Your specification must
·
recognise
discrete system boundaries.
·
model discrete events as well as
discrete entities.
·
work on the assumption that discrete
events can be automatically rolled back.
At least, you have to do these things if you
want you model to be readily transformable into a software system. You cannot
hope to do forward engineering from model to code if you cannot envisage the
former as a reverse engineered abstraction of the latter.
In short, if your specification is to be
useful to software specialists, then before you define a business service you
will have to answer two questions
· Q) What persistent data does the business service need?
· Q) Can our platform roll back the required business service across all
the data stores that hold this data?
This is a relatively academic chapter. This chapter outlines the principles of discrete event modeling and promotes the importance of defining business services, since these are required processes just as much as business processes and use cases.

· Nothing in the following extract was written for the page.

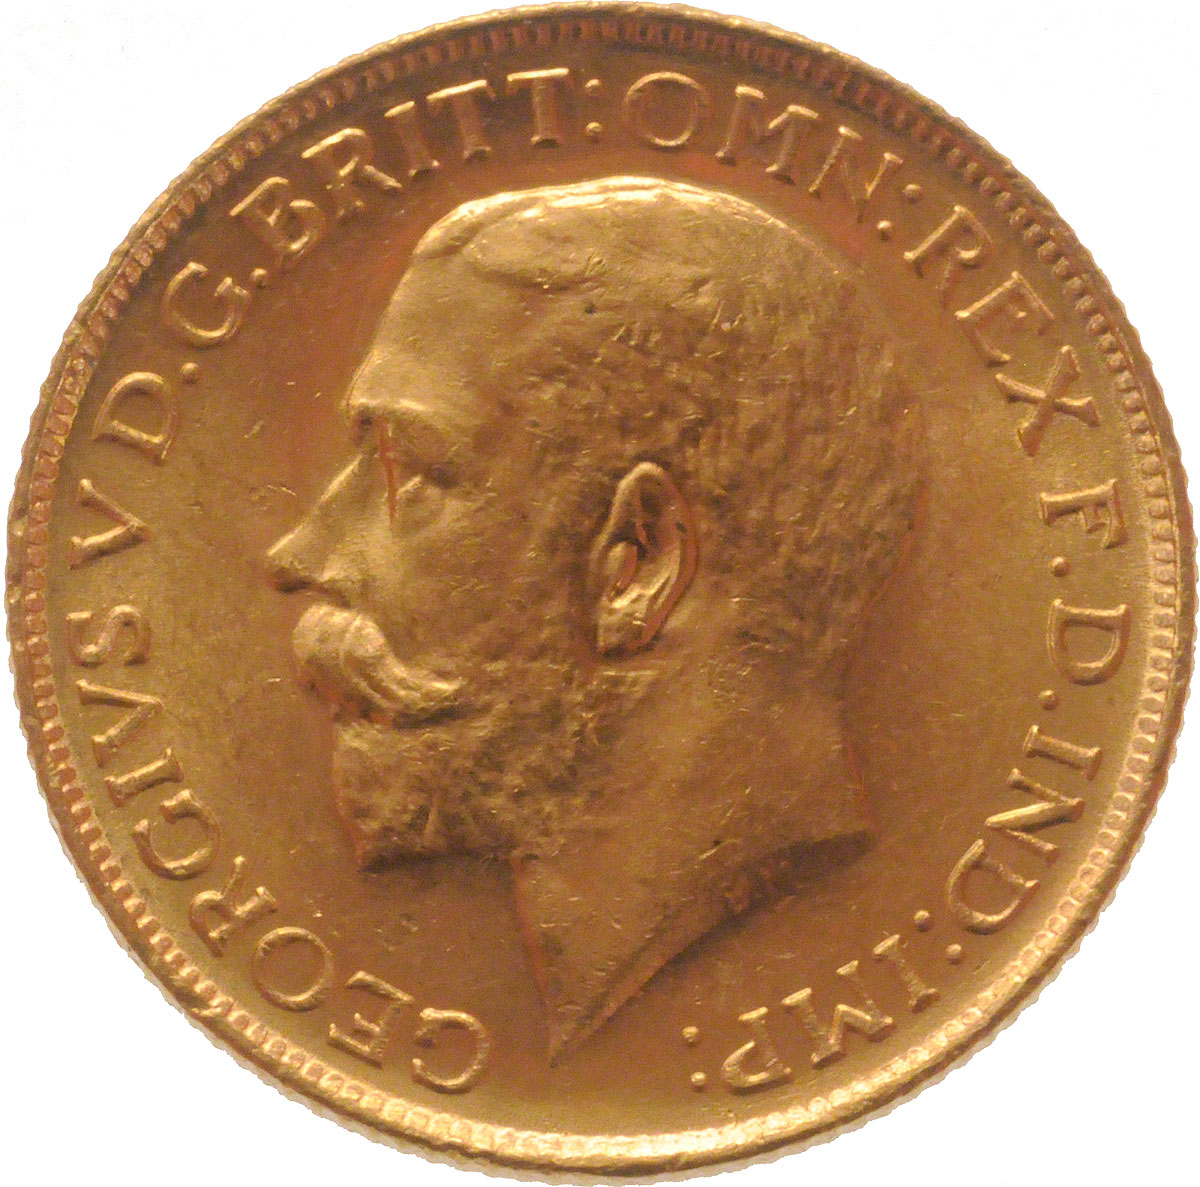 1915 Γεώργιος Ε’ (Νομισματοκοπείο Σίδνεϊ)

A discrete event is sometimes called a
logical transaction. For now, assume one discrete event triggers one business
service, which is one unit of work or transaction. Normally, a business
actor expects a discrete event to succeed if its preconditions are met or else
fail completely.
I’ll deal with deviations from this scheme later.

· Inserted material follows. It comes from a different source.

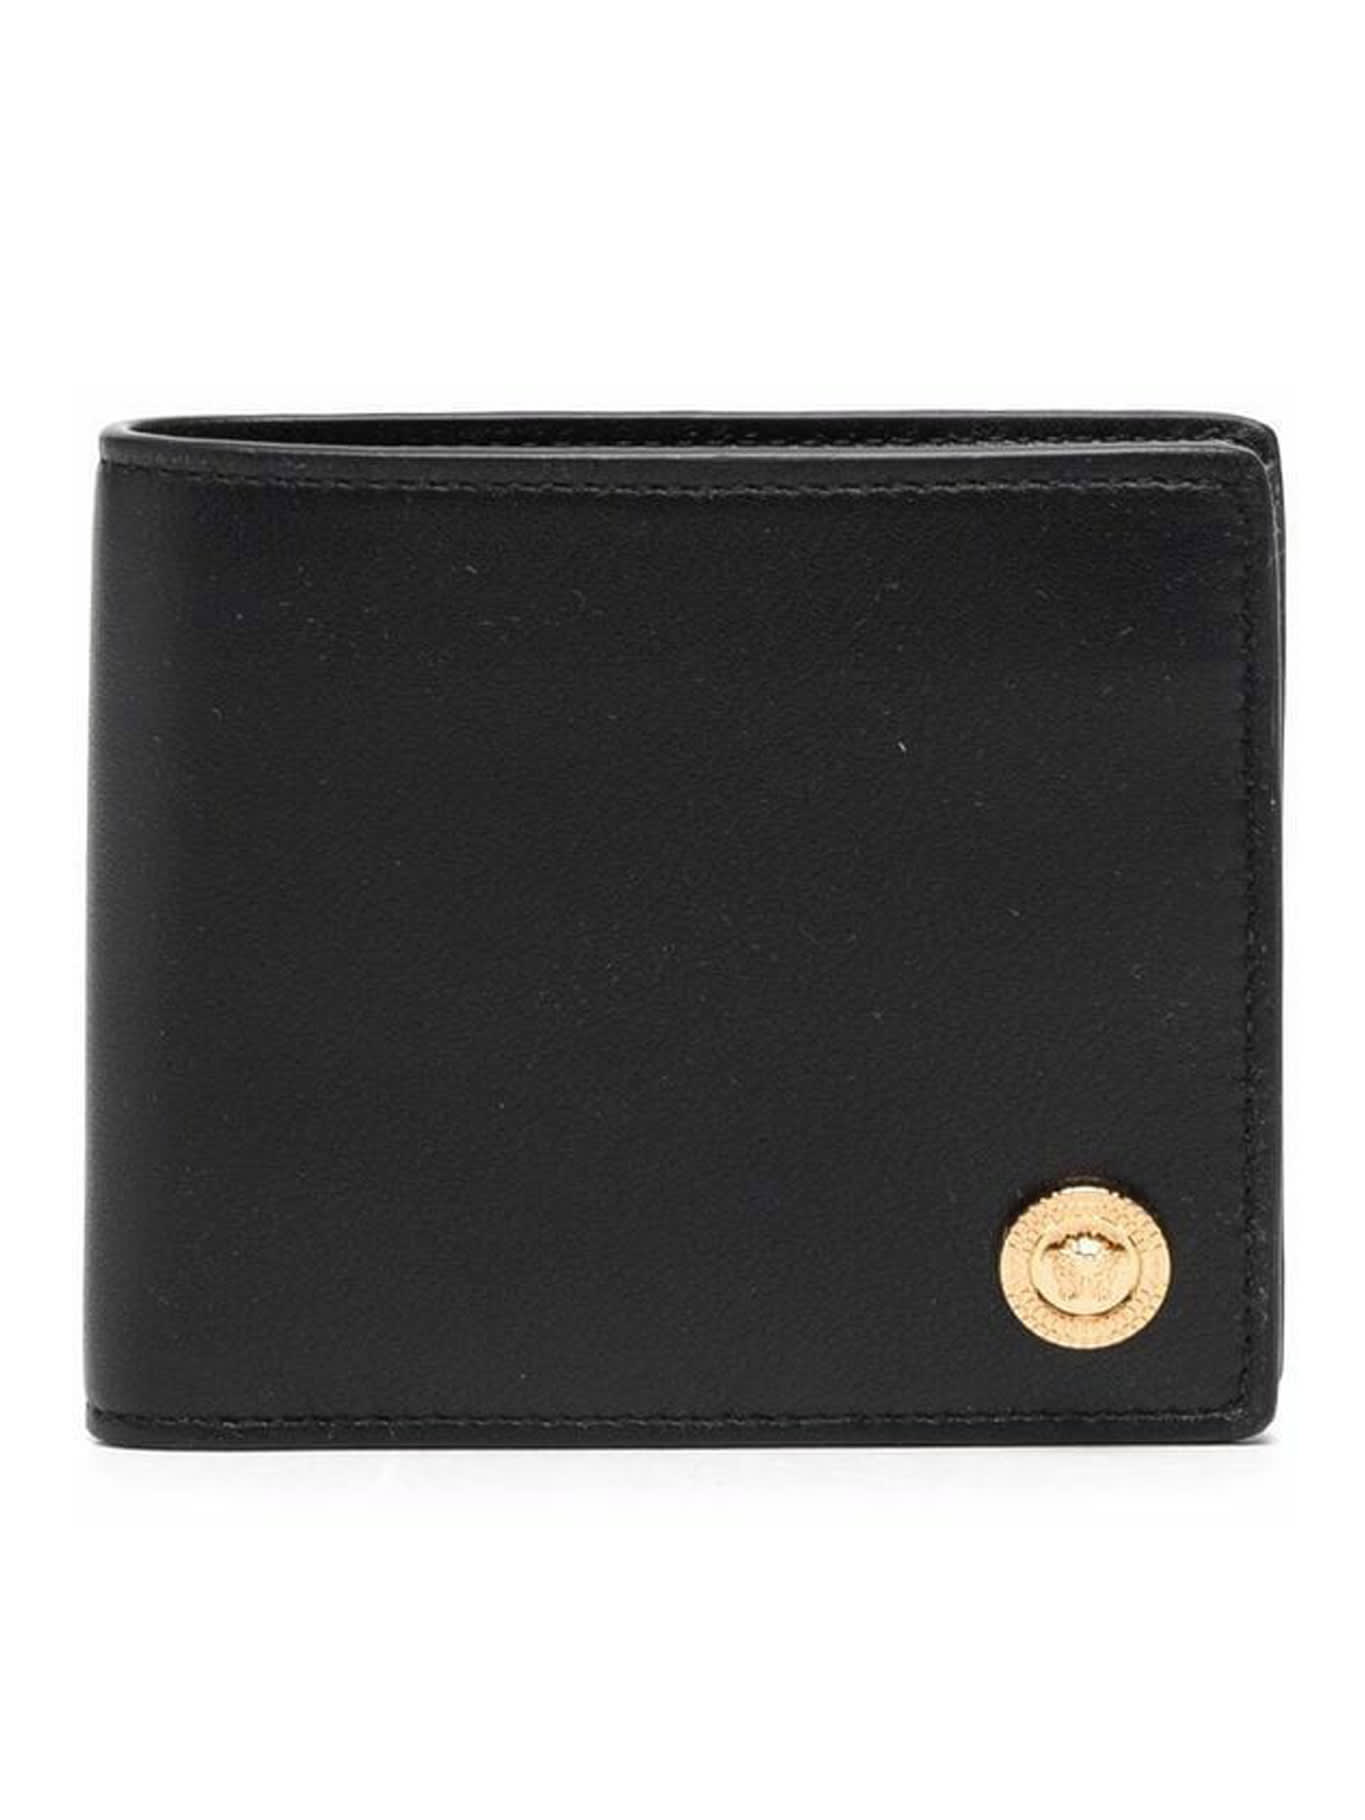 Versace Compact Wallet

You have to define the persistent data structures
maintained by discrete systems, the units of work on those data structures and
the pre and post conditions of those unit of work. Why? Because:
·
You have to capture what domain experts
understand of how persistent data constrains processing and is changed by
processes.
·
An enterprise's data is distributed,
and it is vital to define which data stores the business requires to be
consistent and which data stores need not be consistent.
·
Users should understand the effects of
any business service that they invoke from a system's user interface (or if
they don’t understand, they trust the system has been designed with the help of
domain experts who do understand).
·
If you (analyst) don’t define the
business rules required and imposed by business services, then you are simply
ducking your responsibility.
This applies to any kind of software system specification, whether it is a model or a narrative.
We cannot build a
software system that monitors the world on a truly continual basis. A software
system can only perceive the passage of time as a series of discrete events -
processed one after another. A software system recognises the passage of time
by detecting an event.
An <event> triggers a service. I use
these two terms almost interchangeably. An event causes a state change in the
whole system or component being modeled. An event has
an effect on at least one entity in the system. An event changes the state of
one or more entities. An event triggers a discrete unit of work on a coherent
data store.
An event is signified
by either the input of a data message, or the arrival of a date/time. It does
not matter to the specifier how an event is detected
and enters the system. An event may be input by an external actor. An event may
arrive in a message queue. Alternatively, the system may reach out into its
environment to grab an event, by polling for input.
E.g. a calendar or
clock may notify the system of time intervals by iteratively sending an
ever-advancing date/time message to the system. Alternatively, the system may
poll a calendar to see if the date has changed yet. In the second case, the
inputs arrive in the form of replies. The event and the process it triggers are
the same as far as business rule specification is concerned
Polling is perhaps
more common in process control systems, where one might for example poll a
sensor to see if a machine has overheated, than in enterprise applications.
An event concludes
when the system either rejects the event or the state of the system is
definitively advanced. Either way, the system is free to process the next
event. The event conclusion is normally marked by a reply or output message.
Every event input to a
system should produce at least a success/fail response. This outcome must be
recognised (now or later) by the clients outside the system. If no client cares
whether an event has succeeded for failed, then the event was pointless, and
need not, should not, have been input.
You might process a
batch of account credit events overnight. The fact that the customer's interest
in the event outcome is masked, or removed to some distance, behind a batch I/O
process, is neither here nor there as far as discrete event modeling
is concerned. Eventually, the customer wants to know whether their account has
been credited or not. Every event failure must be notified to a client. By
implication, every event success is notified to a client. Directly or
indirectly, the outcome of every event is notified to a client.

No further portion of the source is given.